*EXERCISE DATA*:
——

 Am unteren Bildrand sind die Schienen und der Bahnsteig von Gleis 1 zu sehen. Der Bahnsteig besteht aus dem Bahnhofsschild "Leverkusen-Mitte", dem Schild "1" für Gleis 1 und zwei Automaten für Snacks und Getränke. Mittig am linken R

——

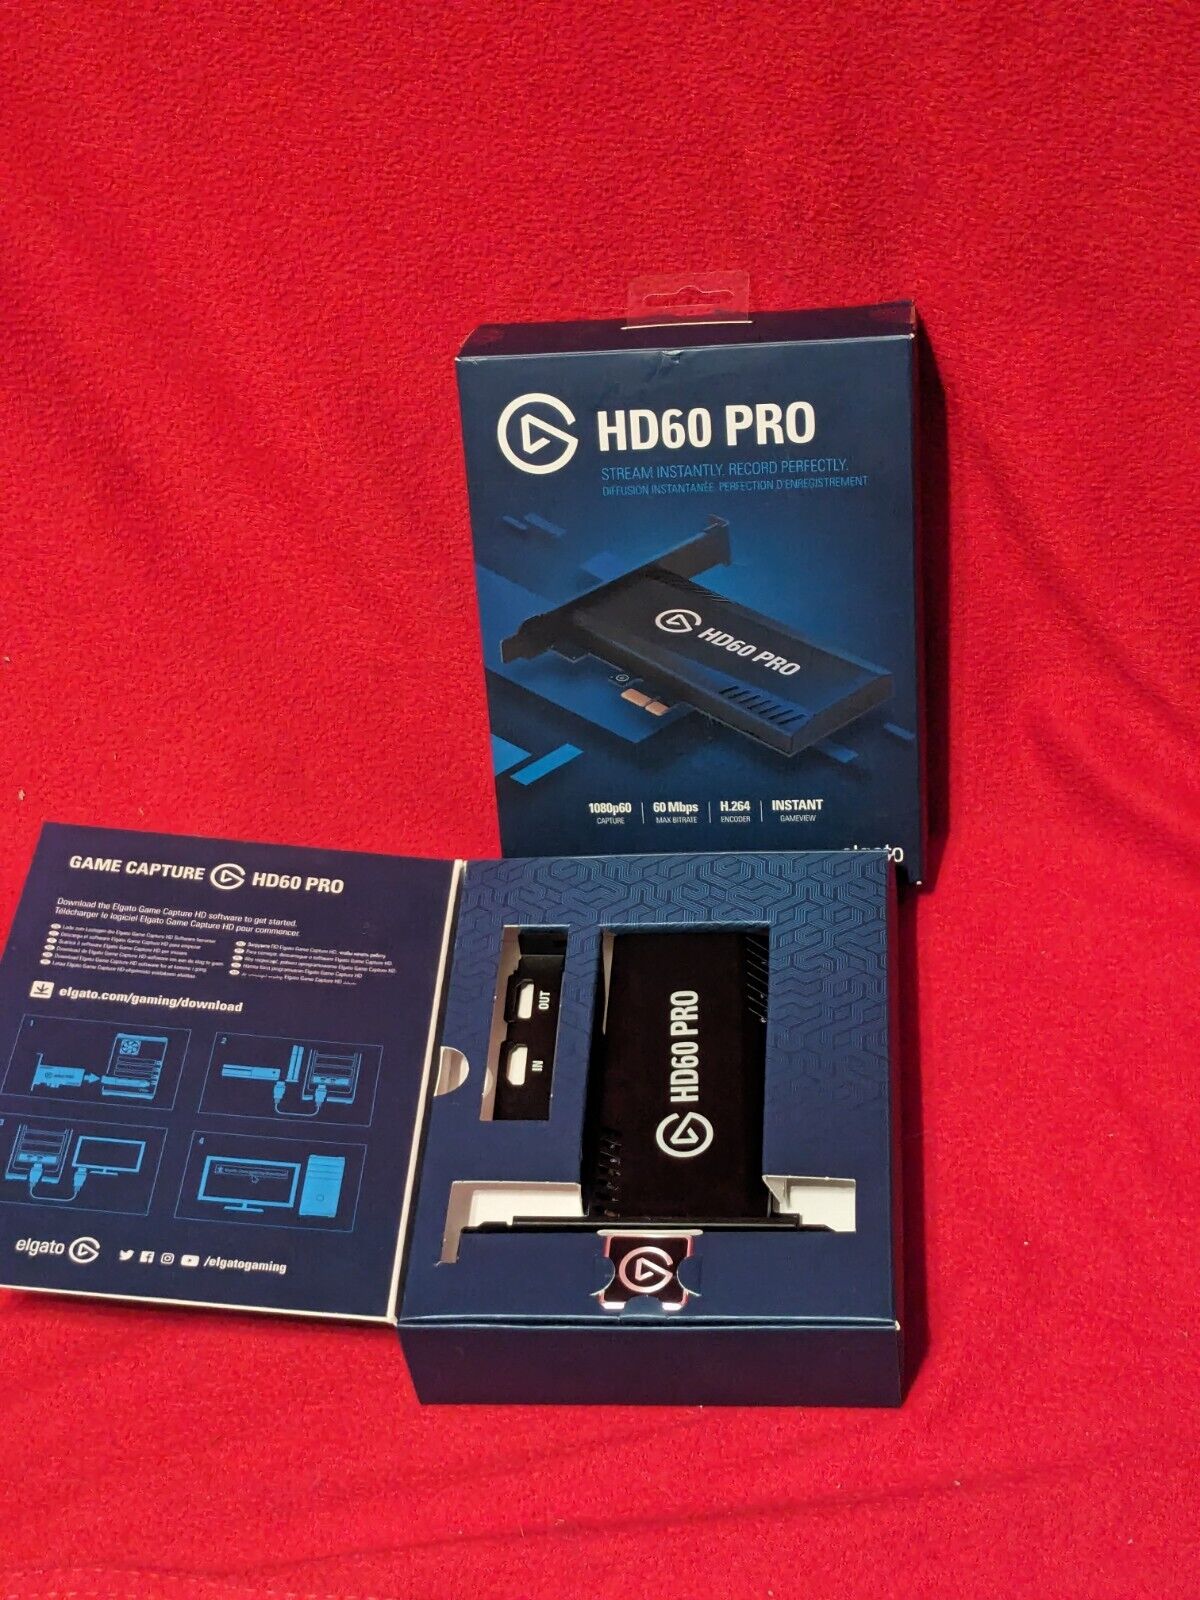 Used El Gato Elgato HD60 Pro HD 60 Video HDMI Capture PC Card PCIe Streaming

——

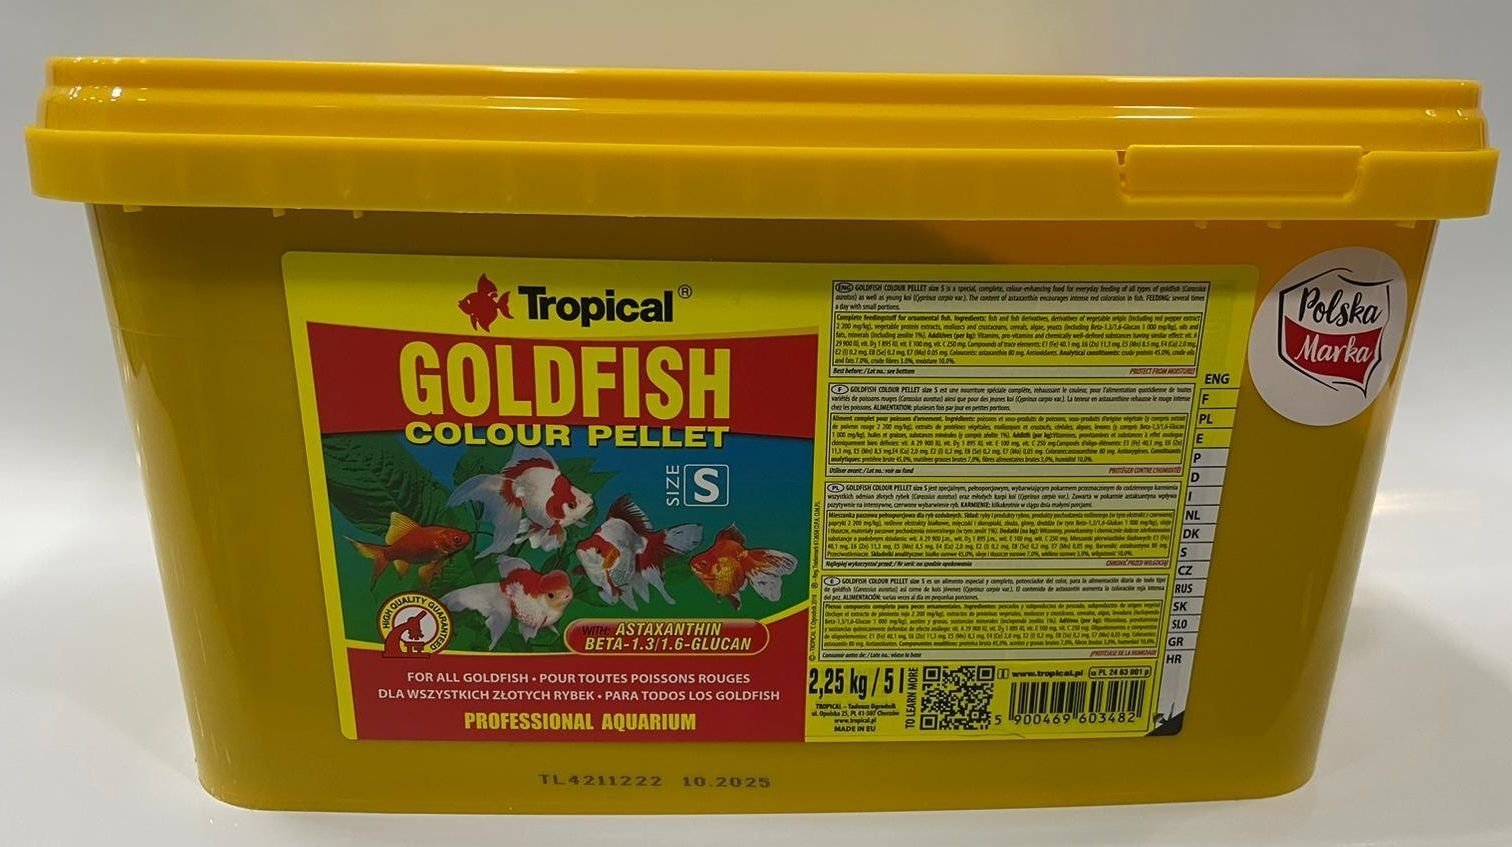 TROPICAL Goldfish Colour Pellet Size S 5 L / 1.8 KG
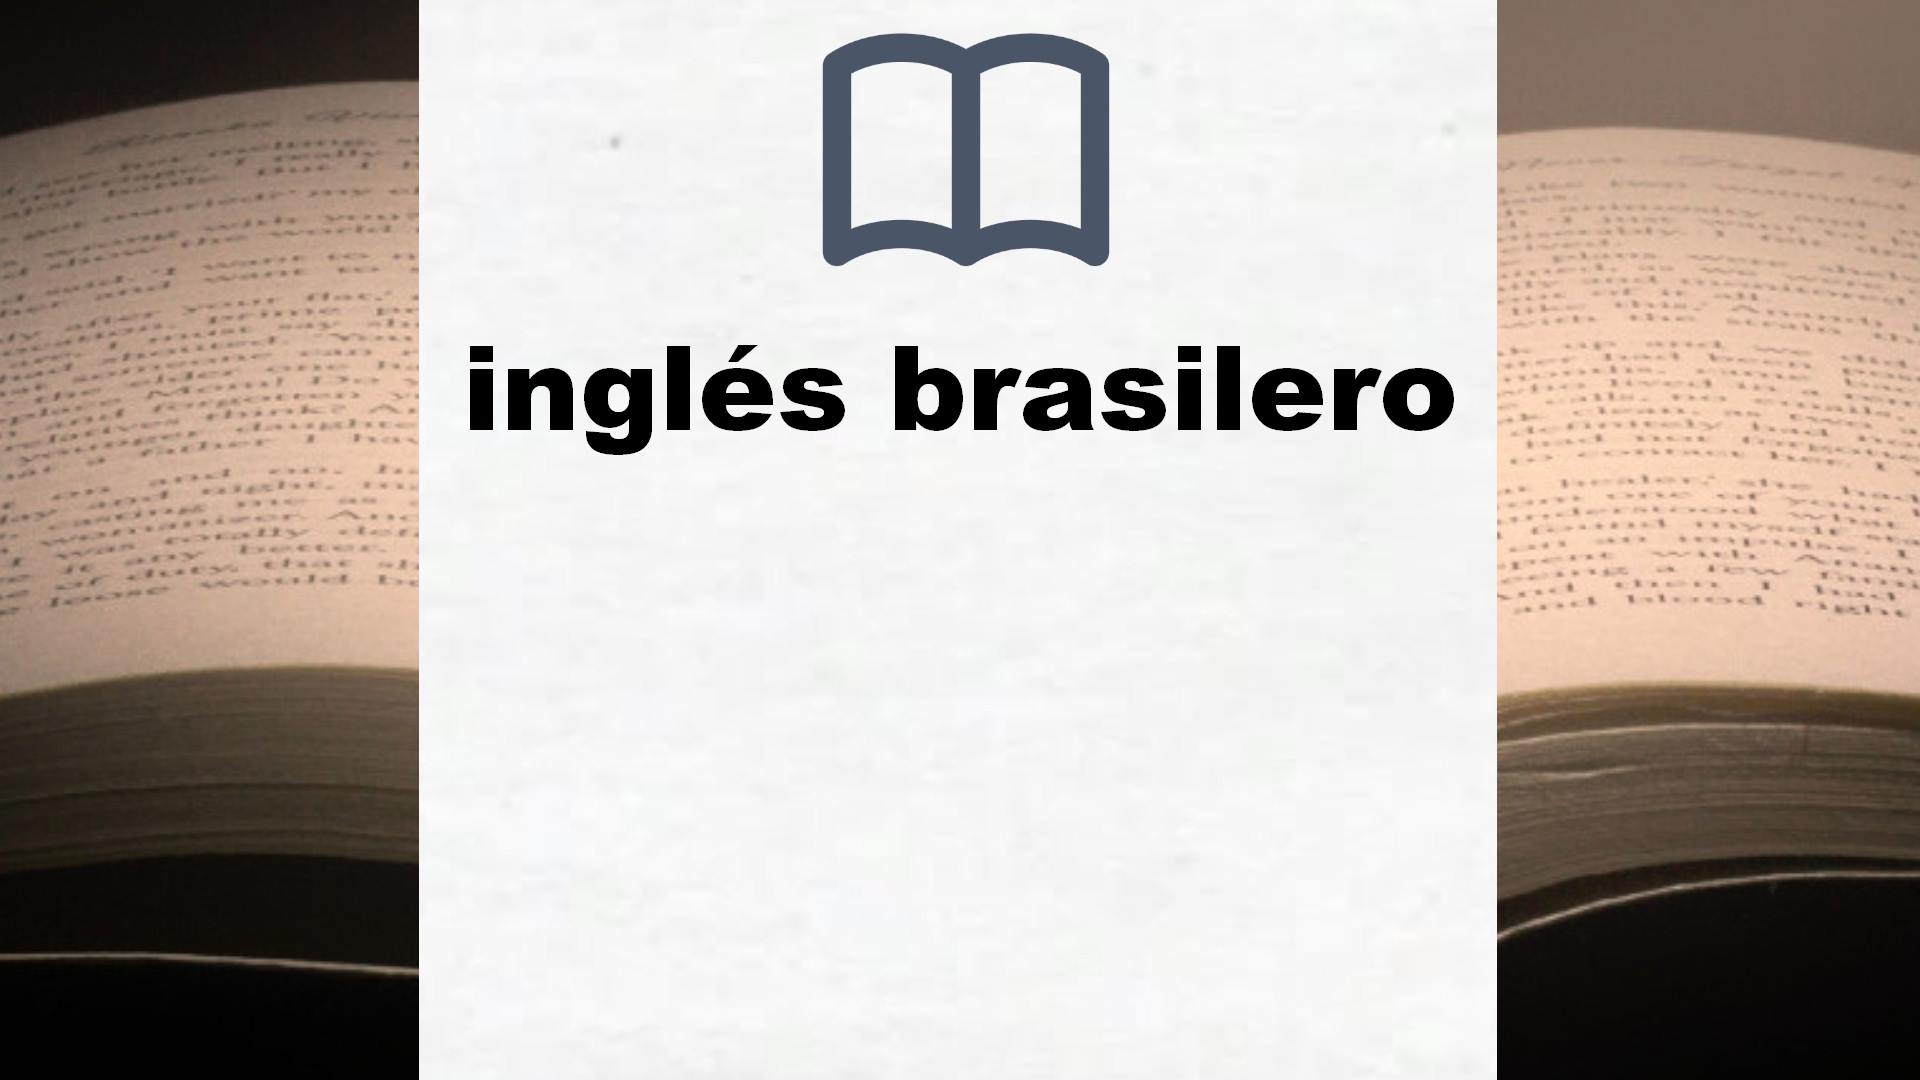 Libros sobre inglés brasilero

——

*PROBLEM DETAILS*: Output exactly, and only, the lines of the entries above from the one with "TROPICAL Goldfish Colour" up to and including the one with "Libros sobre inglés brasilero"; pictures are to be left out.

*ANSWER AREA*:
 TROPICAL Goldfish Colour Pellet Size S 5 L / 1.8 KG
 Libros sobre inglés brasilero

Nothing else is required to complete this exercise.